---- Collected material

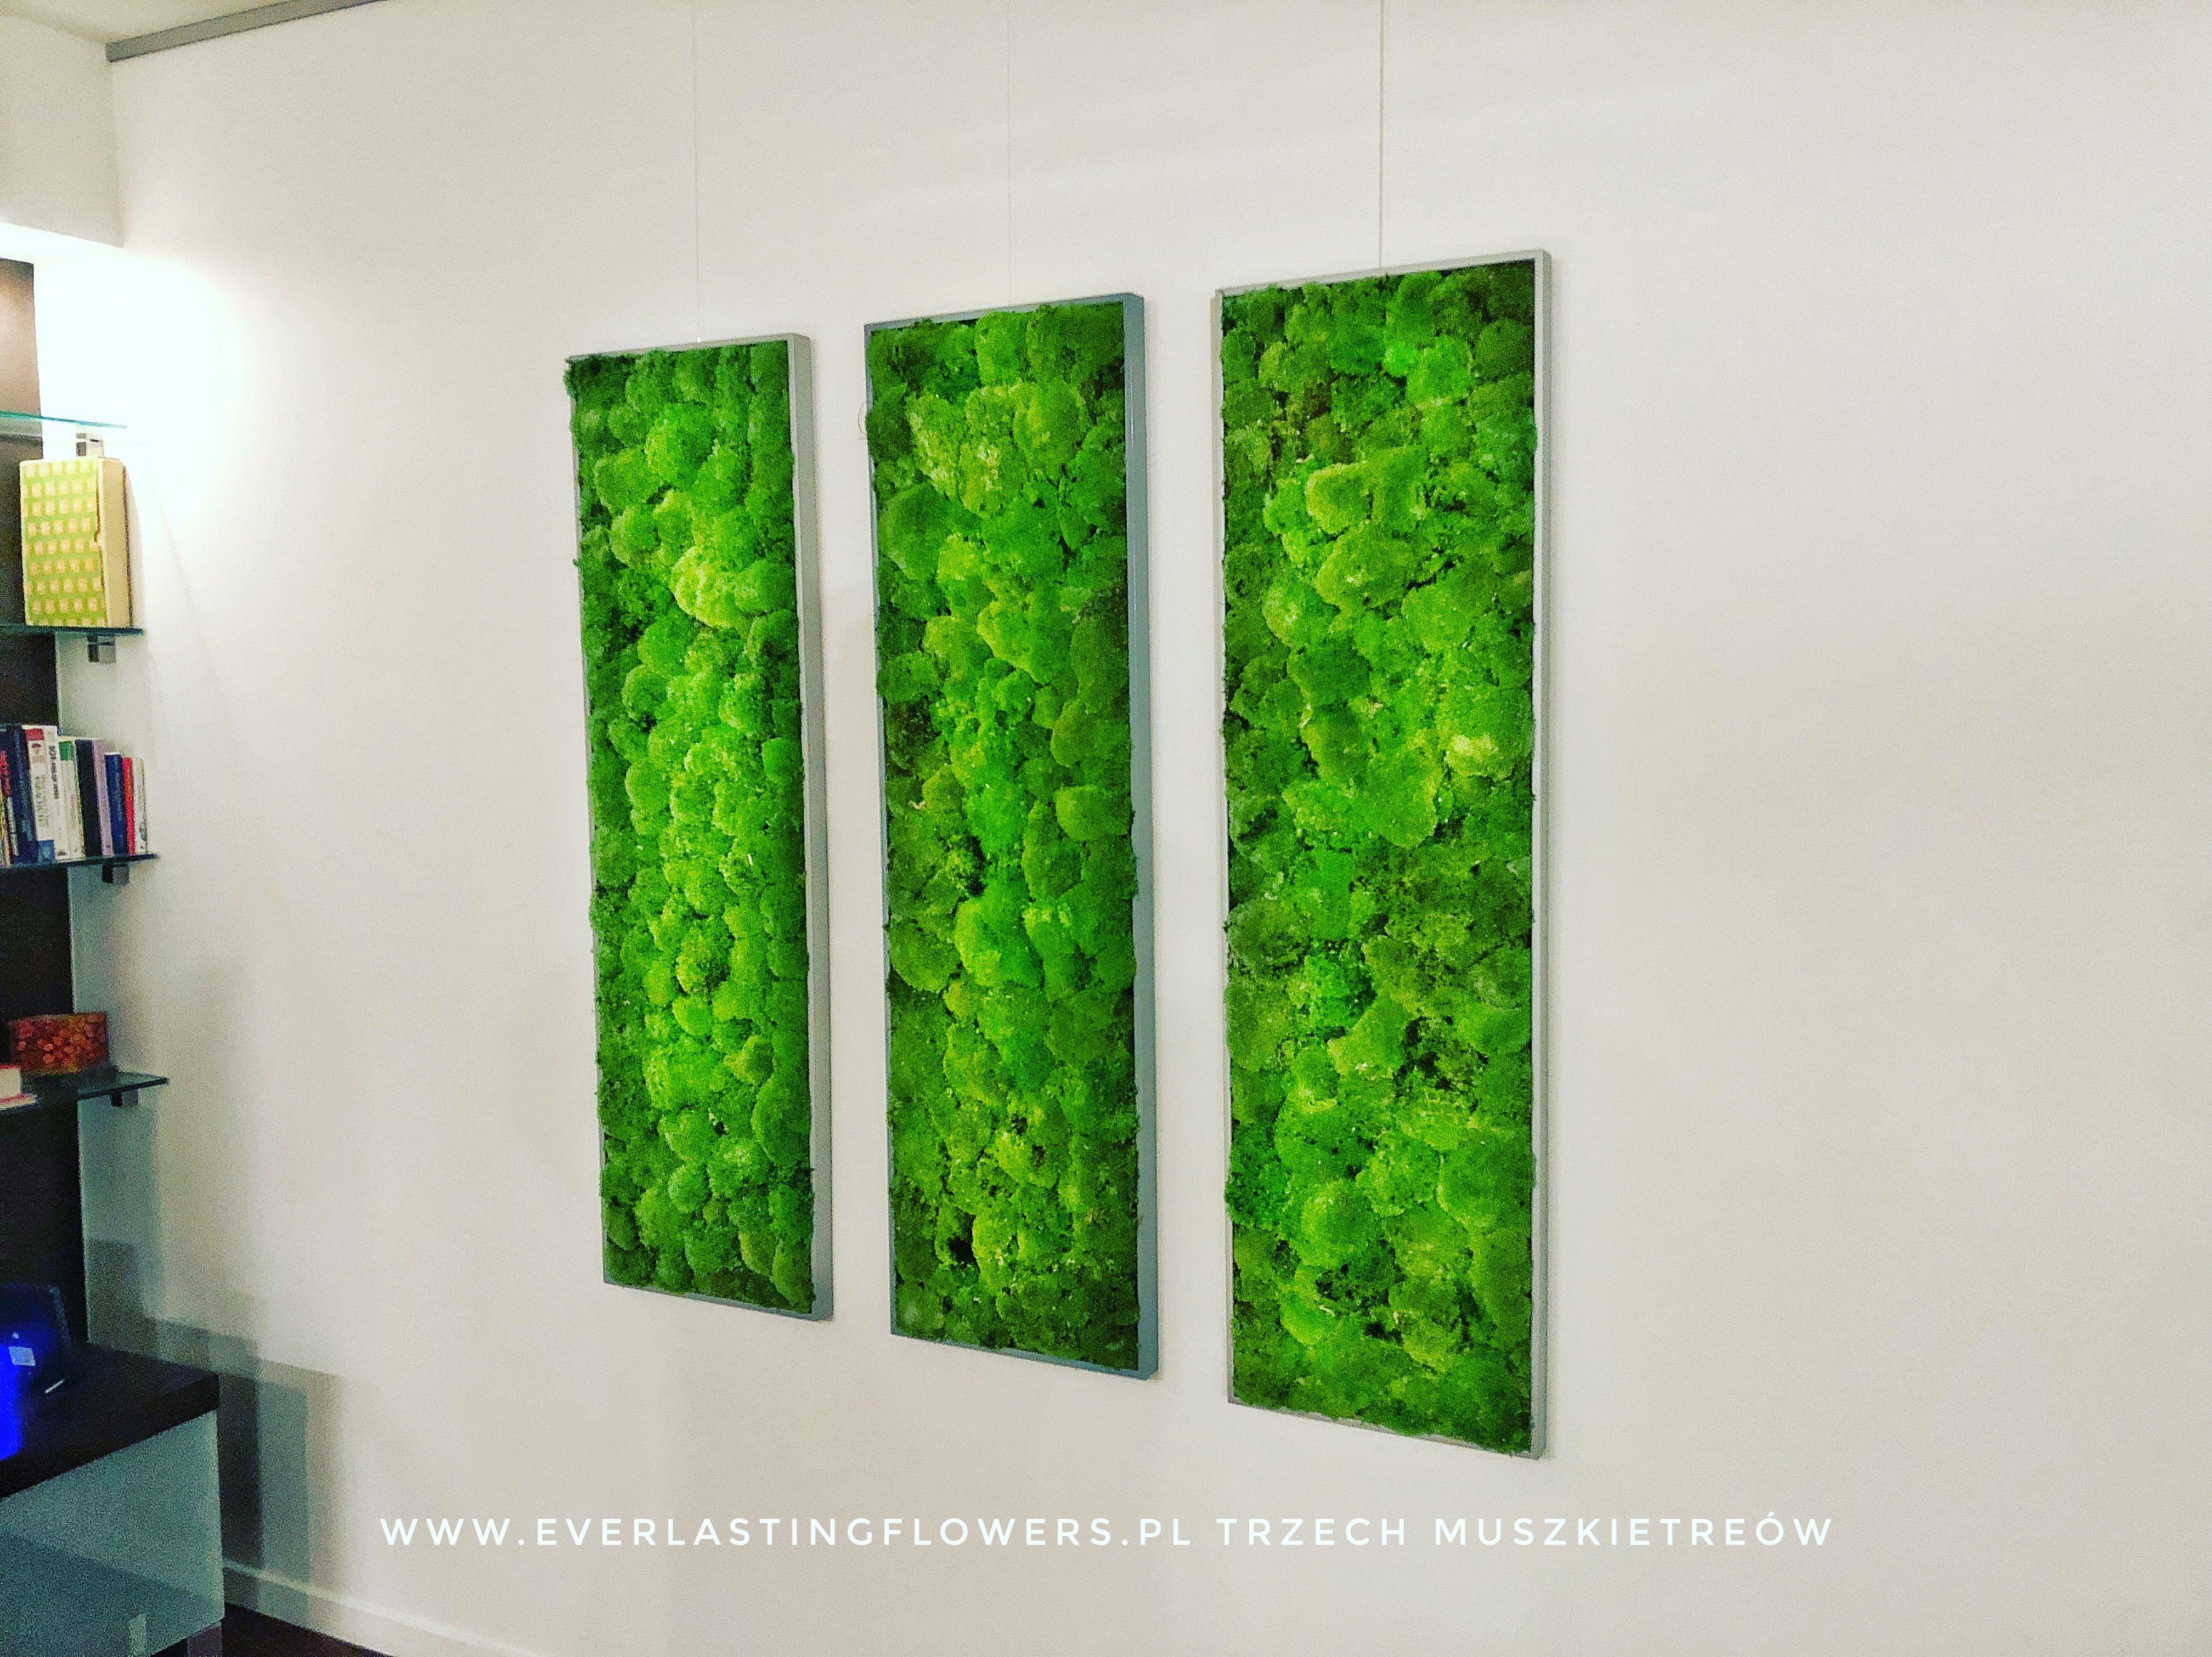 Moss Decor Wall Decor Diy Paint Moss Decor Moss Wall Art
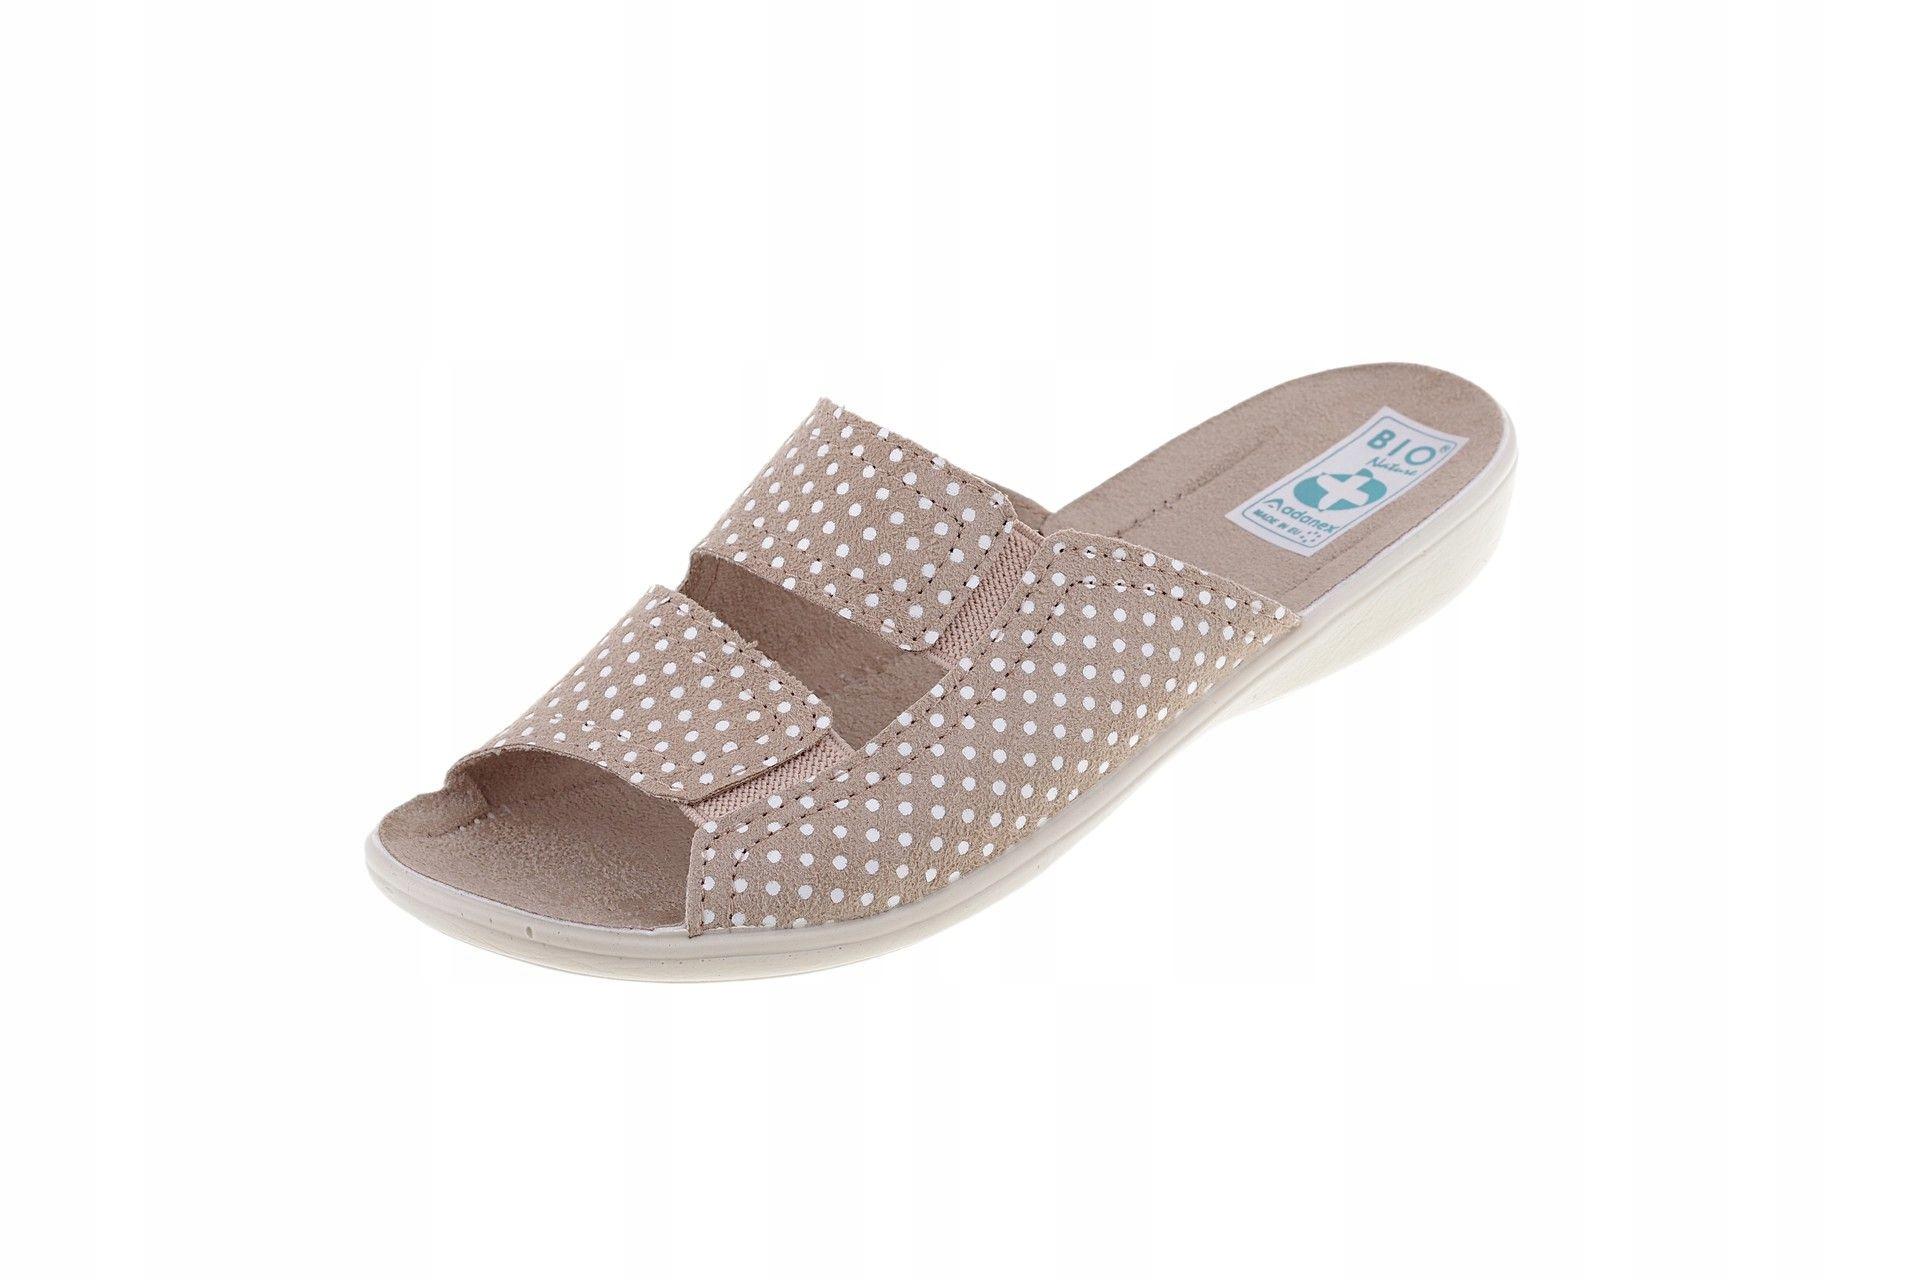 Klapki Adanex 22862 pantofle z gumką kapcie r. 36
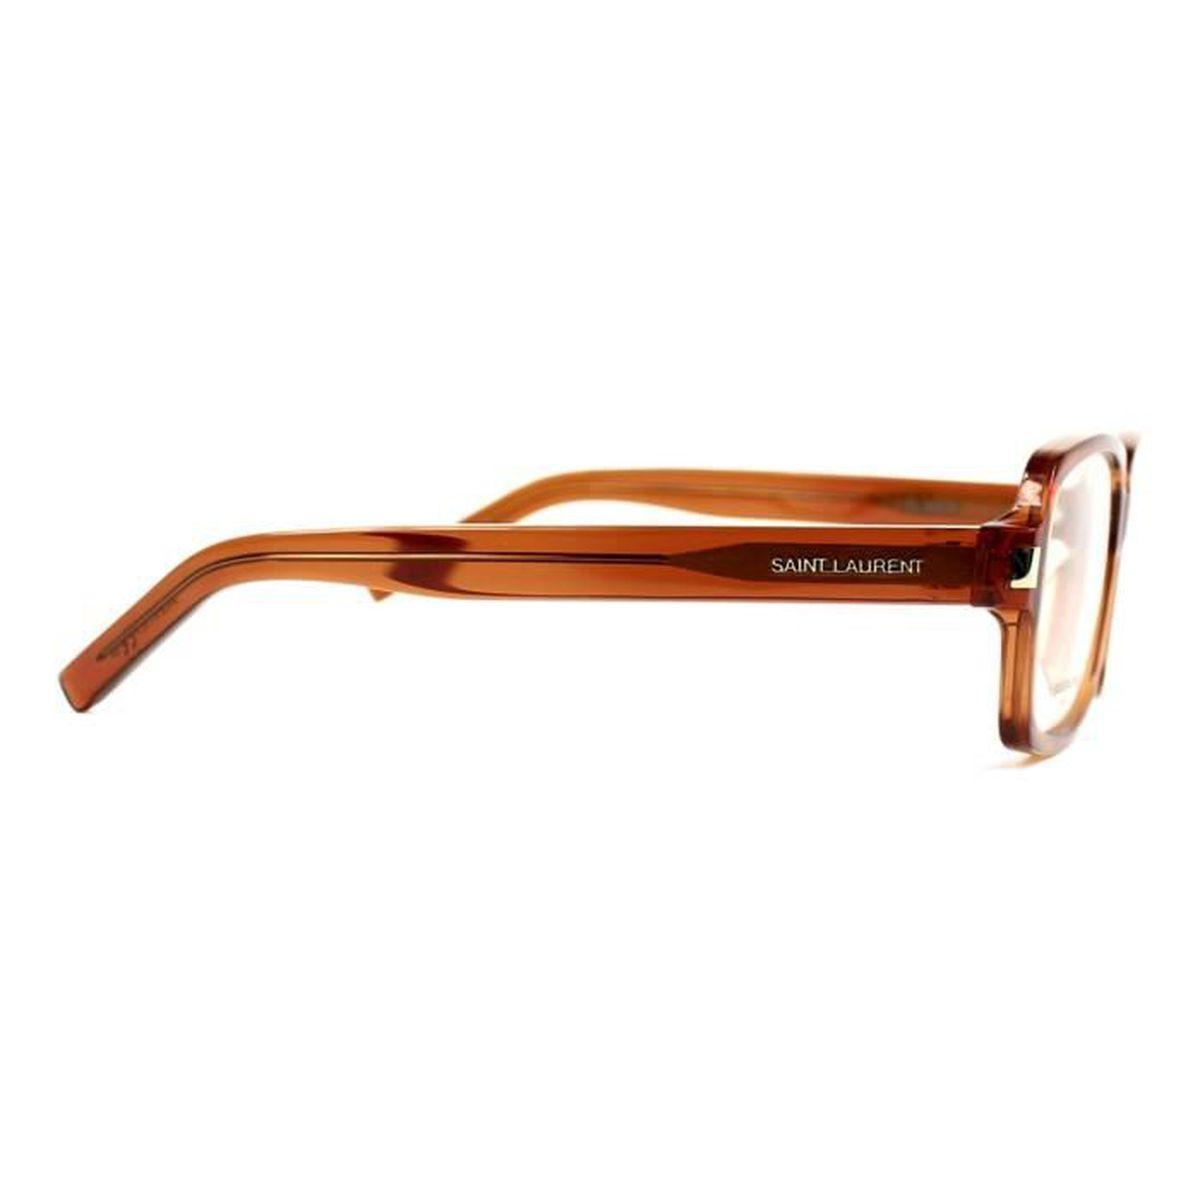 Lunettes de vue Yves Saint Laurent SL66-F -A5W Marron transparent - Achat    Vente lunettes de vue Lunettes de vue Yves Saint Homme Adulte Marron -  Cdiscoun 23ce03341fce

--------

** To do **
Copy all the material exactly; omit images.

** Your solution **
 Moss Decor Wall Decor Diy Paint Moss Decor Moss Wall Art
 Klapki Adanex 22862 pantofle z gumką kapcie r. 36
 Lunettes de vue Yves Saint Laurent SL66-F -A5W Marron transparent - Achat    Vente lunettes de vue Lunettes de vue Yves Saint Homme Adulte Marron -  Cdiscoun 23ce03341fce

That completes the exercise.